Figure 17–5 shows the findings of Craig et al. (1981) for the percent drop in efficiency on a visual discrimination task after the lunch interval for students who consumed a three-course lunch versus those who fasted. Whereas a significant impairment in perceptual discrimination occurred as a function of eating lunch, the ability to discriminate was unchanged among those who skipped lunch. The magnitude of the decline was approximately a 10 percent change in performance efficiency, about comparable to the degree of impairment that would occur after missing a night of sleep (Craig, 1986). Various studies show that the postlunch dip is at a maximum 1–3 h after lunch and dissipates afterward (Craig et al., 1986; Spring et al., 1986).

FIGURE 17–5. Afternoon drop in performance (expressed as a percentage of the morning perceptual discrimination efficiency) in lunch and no lunch groups for subjects scoring above and below the median on Eysenck Personality Inventory Introversion (I), Extraversion (E), Neuroticism (N), and Stability (S) scales.


Afternoon drop in performance (expressed as a percentage of the morning perceptual discrimination efficiency) in lunch and no lunch groups for subjects scoring above and below the median on Eysenck Personality Inventory Introversion (I), Extraversion (more...)

Moderating Variables

Several factors moderate the magnitude and even the occurrence of the postlunch dip in performance. One of the more powerful influences is the number of calories consumed at the lunchtime meal, which, in turn, exerts its effect in interaction with usual lunchtime eating habits. Figure 17–6 shows Craig and Richardson's (1989) finding for the percent change in omission errors on a sustained-attention task as a function of the size of the subject's usual lunch and the size of the experimental meal. The results indicate that a big three-course lunch of about 1,380 cal significantly increased errors on the attentional task. Moreover, the largest drop in performance was found for subjects who were accustomed to eating a light lunch. In contrast, a light lunch of less than 300 cal did not cause a postlunch dip in performance.

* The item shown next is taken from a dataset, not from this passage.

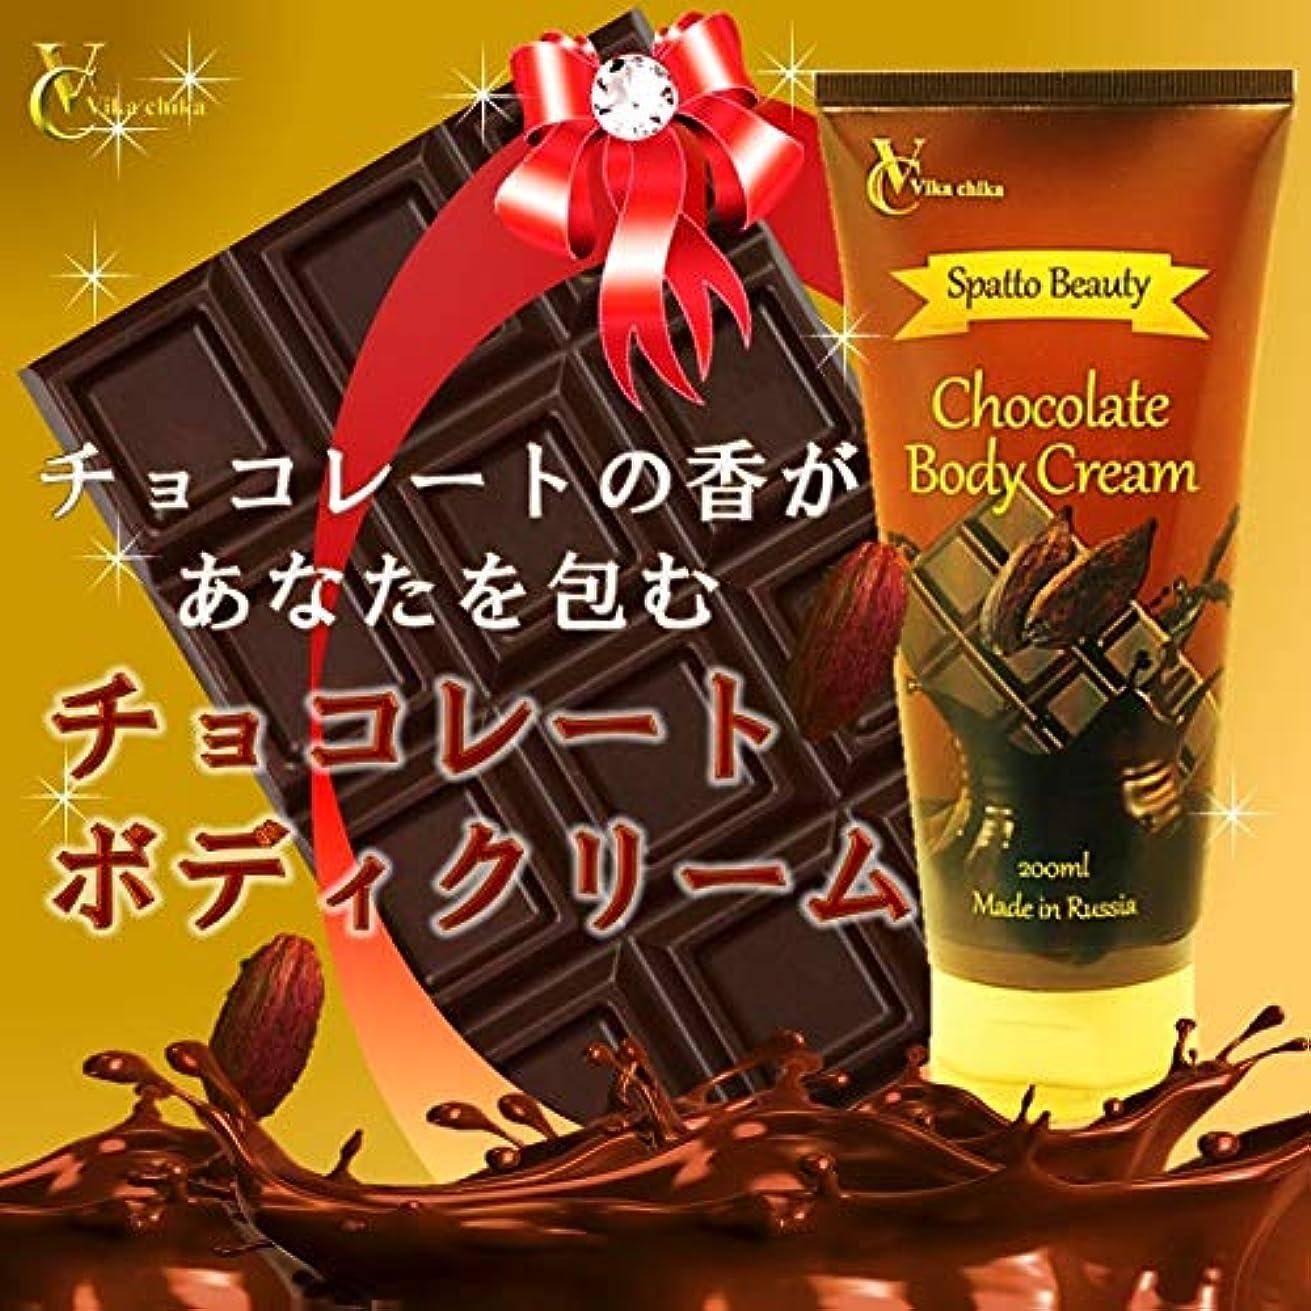 日焼け出血影響するビッカチカ スパッと ビューティ チョコレートボディクリーム 200ml

FIGURE 17–6. Postlunch percent omission errors on a sustained attention task relative to the undifferentiated prelunch covariate as a function of whether the subject usually eats a light (L) or heavy (H) lunch and whether the experimental lunch is large (big) or small (wee).


Postlunch percent omission errors on a sustained attention task relative to the undifferentiated prelunch covariate as a function of whether the subject usually eats a light (L) or heavy (H) lunch and whether the experimental lunch is large (big) or small (more...)

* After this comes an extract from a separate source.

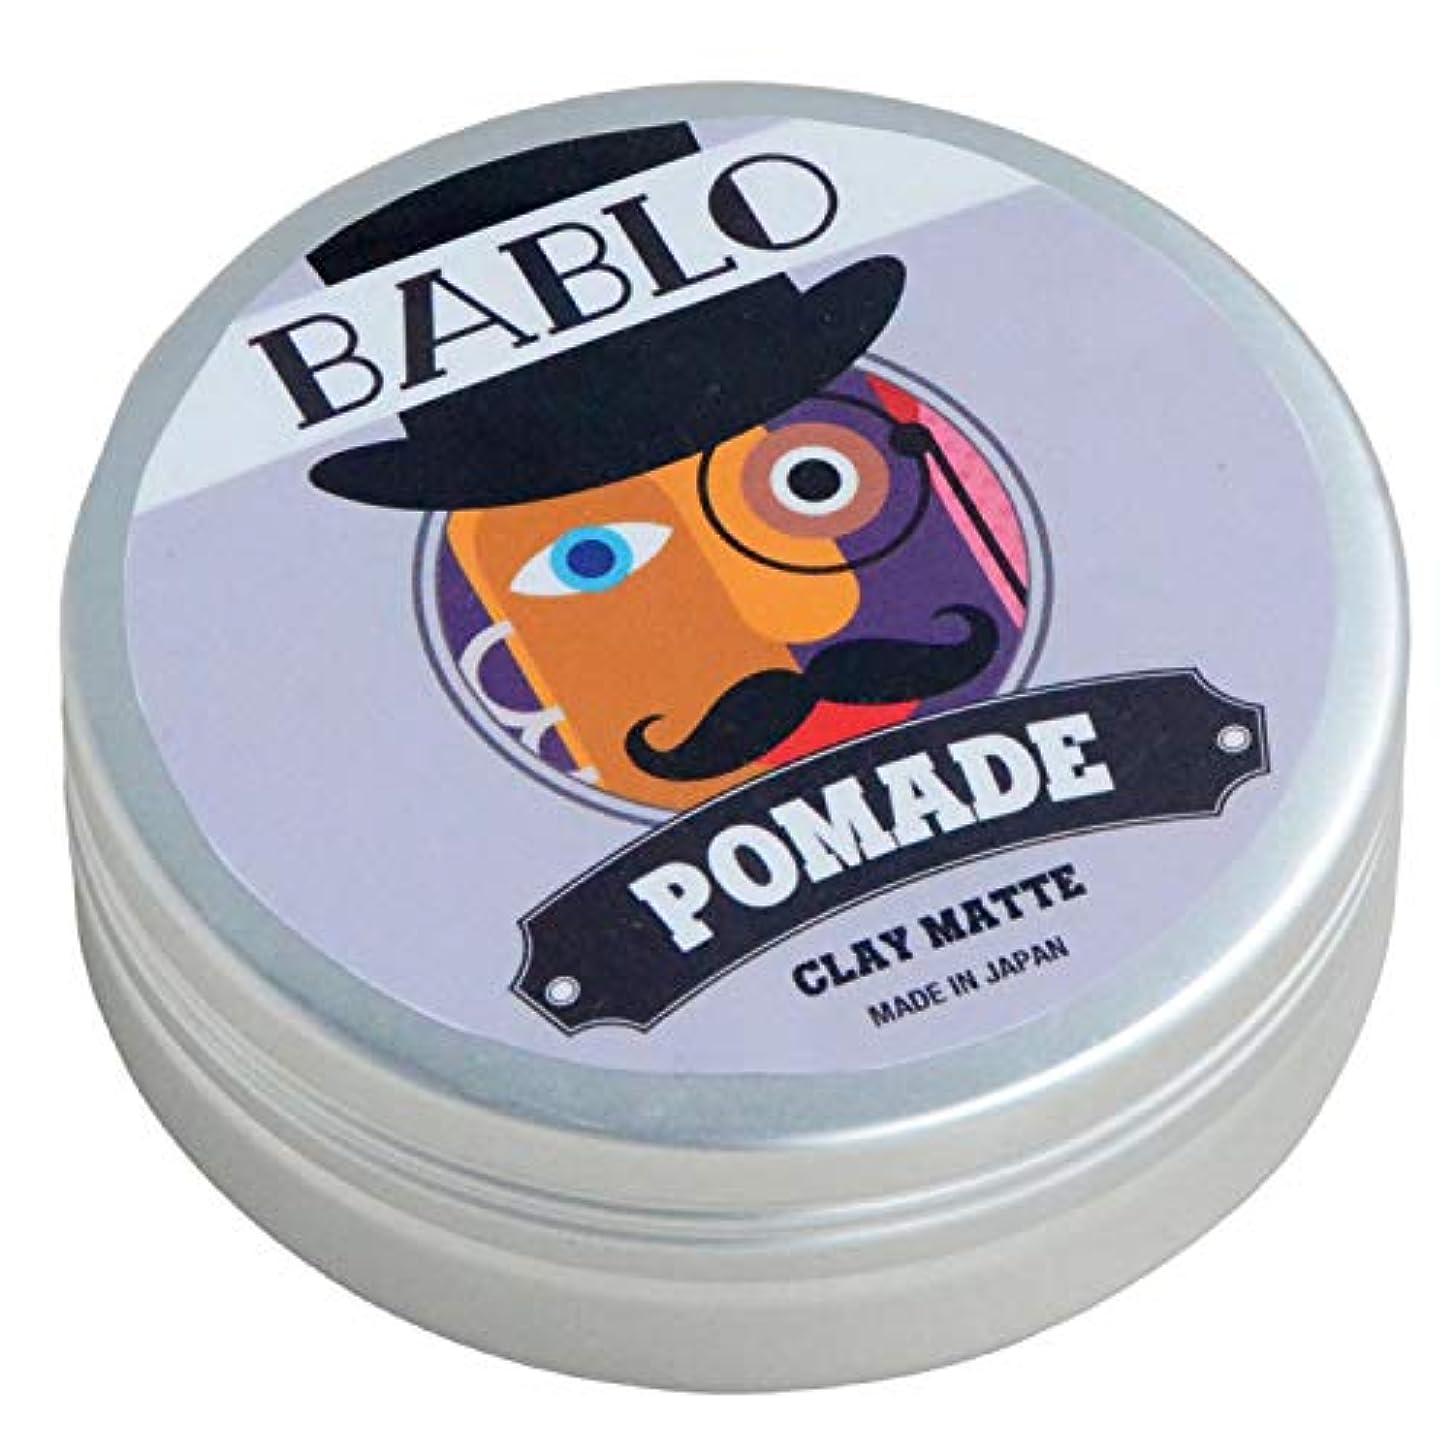 く医学単調なバブロ ポマード(BABLO POMADE) クレイマット ヘアワックス メンズ 整髪料 水性 ヘアグリース

The macronutrient composition of the meal also influences the likelihood that a lunch will elicit a postlunch dip and affects the magnitude of performance deterioration that will be observed. Carbohydrate-rich, protein-poor meals elicit greater performance deterioration than do isocaloric protein-rich meals (Lieberman et al., 1986a; Simonson et al., 1948; Spring et al., 1983, 1986). A low-protein, high-carbohydrate lunch tends to induce slowing of reaction time, vigilance impairments, and decrements in sustained attention, but it does not augment susceptibility to distraction (Spring, 1984). Like their effects on mood, it is likely that the different effects of carbohydrate and protein lunches on performance will be observed for moderate-calorie meals (ranging between 300 and 1,000 kcal) and for the carbohydrate test meals that contain less than 4 percent protein. On the other hand, Smith et al. (1988) found different performance effects of larger meals that varied in their macronutrient compositions, even though all meals contained a mixture of carbohydrate and protein. Smith and colleagues reported that higher-carbohydrate meals containing either starch or sugar slowed reactions to peripheral visual stimuli, whereas higher-protein meals enhanced susceptibility to distraction.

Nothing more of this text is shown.